My question is - I'm not sure what contour to use. If I go from a segment (-iR, iR), while skirting around the poles, and close it with a semi-circle in the right-half plane the resulting arc in the lower-right half plane will not vanish according to Jordan's lemma... I can't find any examples in my book about how to do contours along the imaginary axis - they all go along the real axis and mostly make use of Jordan's Lemma to simplify things, which doesn't seem applicable here.

Any suggestions?

Why don't you change the variable z to u=iz and write the contour integral in terms of u. That will give you an integral along the real axis, right?
 
Hmm well that seems easy... so making the substitution u = iz, I'd have,

-i\int^{\infty}_{-\infty} \frac{e^{u}}{a^2-u^2}du

which clearly won't converge. Seems like a silly integral to ask us to do, but does this look correct?
 
dipole said:
Hmm well that seems easy... so making the substitution u = iz, I'd have,

-i\int^{\infty}_{-\infty} \frac{e^{u}}{a^2-u^2}du

which clearly won't converge. Seems like a silly integral to ask us to do, but does this look correct?

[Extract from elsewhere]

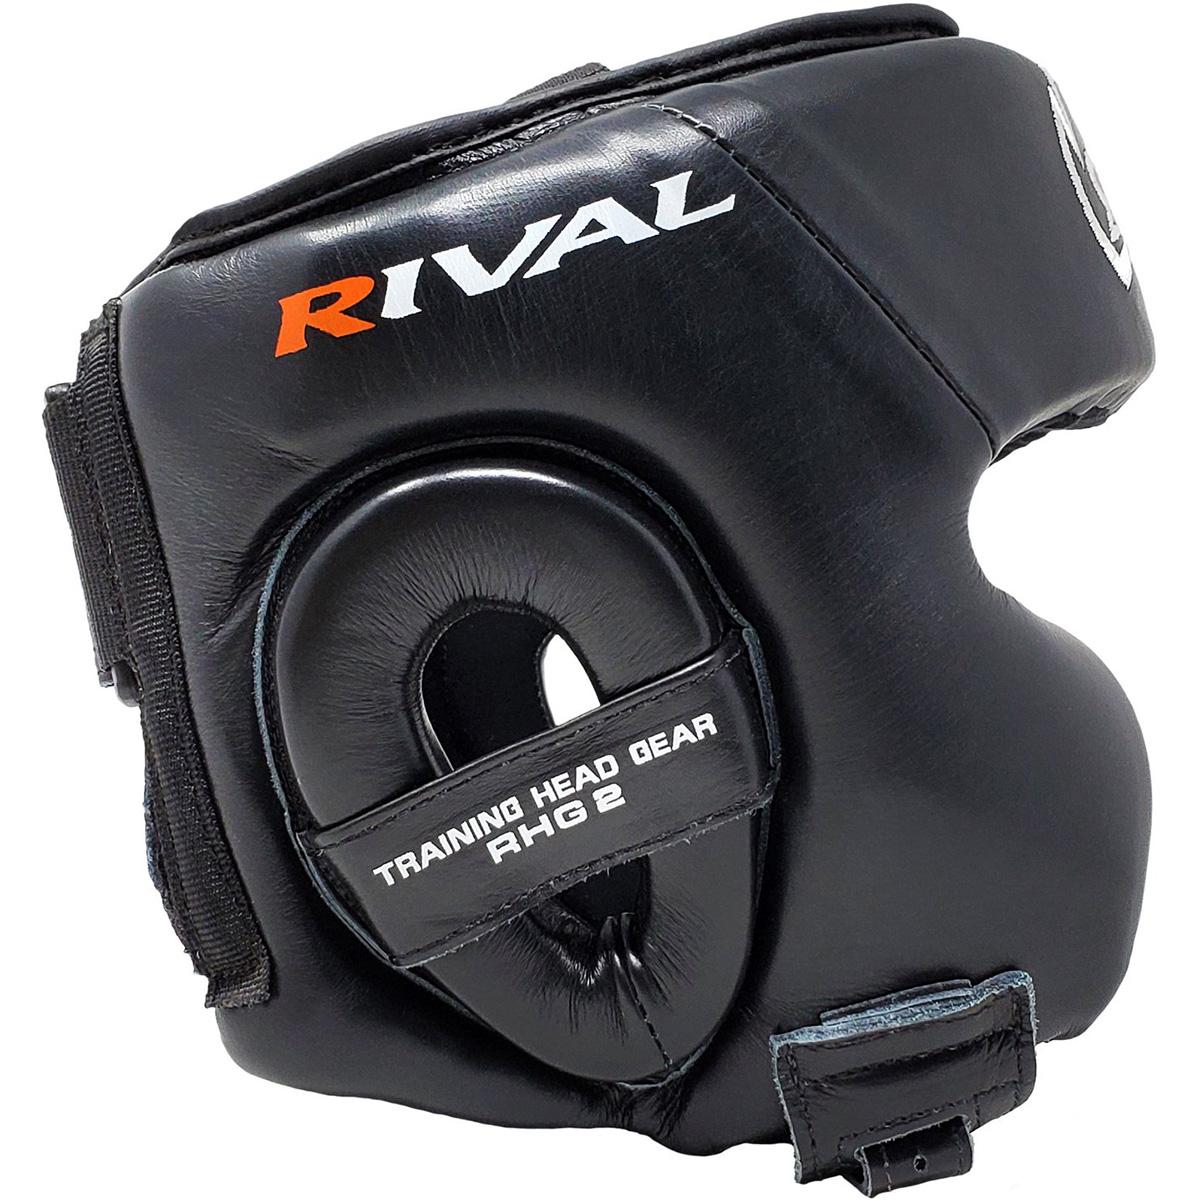 thumbnail 6 - RIVAL Boxing RHG2 Training Headgear

Yeah, I didn't check all of the signs, but I think that integral has some problems. The same ones your original integral does.
 
It's definitely the correct integral, we were asked to integrate along the real axis first, which was easy enough, and then along the imaginary axis.

Is it true in general that if an integral converges along the real axis it will diverge along the imaginary axis? I know analytic functions have to be unbounded somewhere - this a manifestation of that?
 
dipole said:
It's definitely the correct integral, we were asked to integrate along the real axis first, which was easy enough, and then along the imaginary axis.

Is it true in general that if an integral converges along the real axis it will diverge along the imaginary axis? I know analytic functions have to be unbounded somewhere - this a manifestation of that?

No, that's not true. It is true analytic functions can't be bounded unless they are constant. But 1/(z^2-i) converges along both the real and imaginary axes.
 
If a is real the integral along the imaginary axis doesn't exist. You can however calculate an integral using a contour that circumvents the poles along the imaginary axis somehow. The result will however depend on the way how you avoid the singularities.

Such integrals appear in physics when looking for Green's functions of oscillators or for relativistic wave equations. Then the physical problem tells you, which Green's function (retarded, advanced, time-ordered, anti-timeordered etc.) you want to calculate and this determines, how to avoid the singularities.